SB2026070630 - openEuler 22.03 LTS SP4 update for nodejs
Published: July 6, 2026
Breakdown by Severity
- Low
- Medium
- High
- Critical
Description
This security bulletin contains information about 3 vulnerabilities.
1) Uncaught Exception (CVE-ID: CVE-2025-59465)
CWE-ID: CWE-248 - Uncaught Exception
CVSSv4: CVSS:4.0/AV:N/AC:L/AT:N/PR:N/UI:N/VC:N/VI:N/VA:H/SC:N/SI:N/SA:N/E:U/U:Green
The vulnerability allows a remote attacker to cause a denial of service.
The vulnerability exists due to improper error handling in the HTTP/2 server when receiving a malformed HEADERS frame with oversized invalid HPACK data. A remote attacker can send a specially crafted HTTP/2 HEADERS frame to cause a denial of service.
This primarily affects applications that do not attach explicit error handlers to secure sockets.
2) Path manipulation (CVE-ID: CVE-2026-21637)
CWE-ID: CWE-249 - DEPRECATED: Often Misused: Path Manipulation
CVSSv4: CVSS:4.0/AV:N/AC:L/AT:N/PR:N/UI:N/VC:N/VI:N/VA:H/SC:N/SI:N/SA:N/E:U/U:Amber
The vulnerability allows a remote attacker to cause a denial of service.
The vulnerability exists due to improper error handling in _tls_wrap.js when processing TLS SNI handshake requests. A remote attacker can send a specially crafted request with unexpected servername input to cause an uncaught exception, crashing the Node.js process.
Exploitation occurs during TLS handshake when SNICallback is configured and throws synchronously.
3) Missing release of memory after effective lifetime (CVE-ID: CVE-2026-21714)
CWE-ID: CWE-401 - Missing release of memory after effective lifetime
CVSSv4: CVSS:4.0/AV:N/AC:L/AT:N/PR:N/UI:N/VC:N/VI:N/VA:H/SC:N/SI:N/SA:N/E:U/U:Green
The vulnerability allows a remote attacker to cause resource exhaustion.

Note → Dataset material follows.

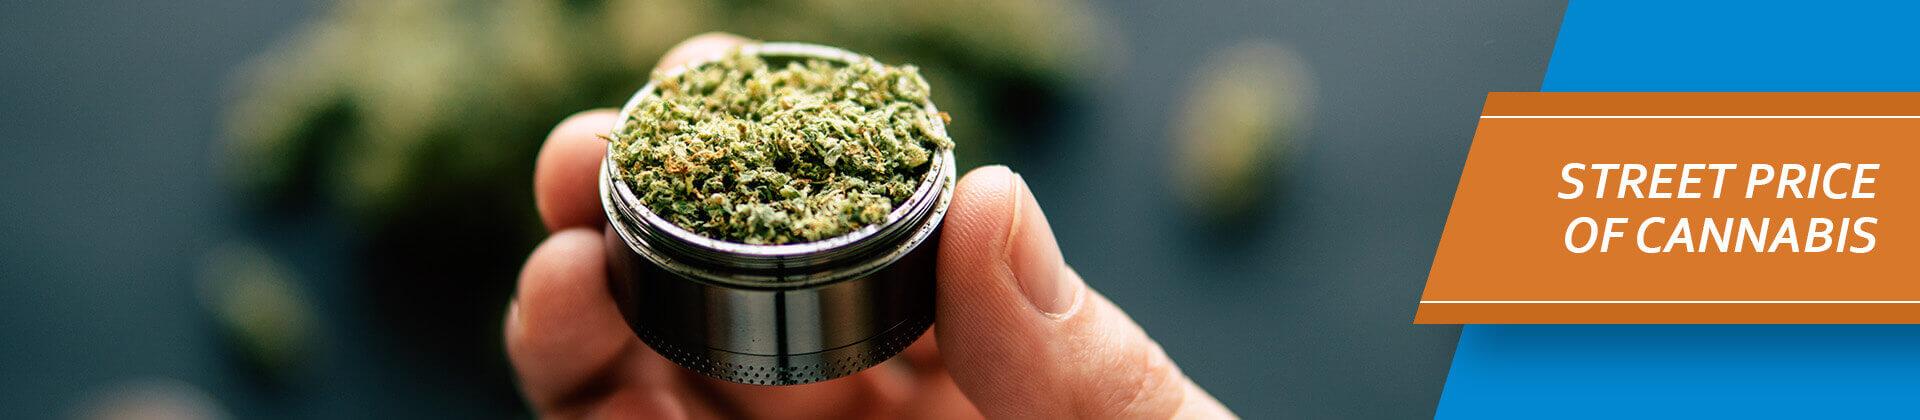 street price of cannabis

The vulnerability exists due to a memory leak in the HTTP/2 server implementation when processing WINDOW_UPDATE frames on stream 0. A remote attacker can send WINDOW_UPDATE frames that exceed the maximum flow control window, causing the Http2Session object to remain allocated despite sending a GOAWAY frame.
The server fails to clean up the Http2Session object after connection termination, leading to unbounded memory consumption.
Remediation
Install update from vendor's website.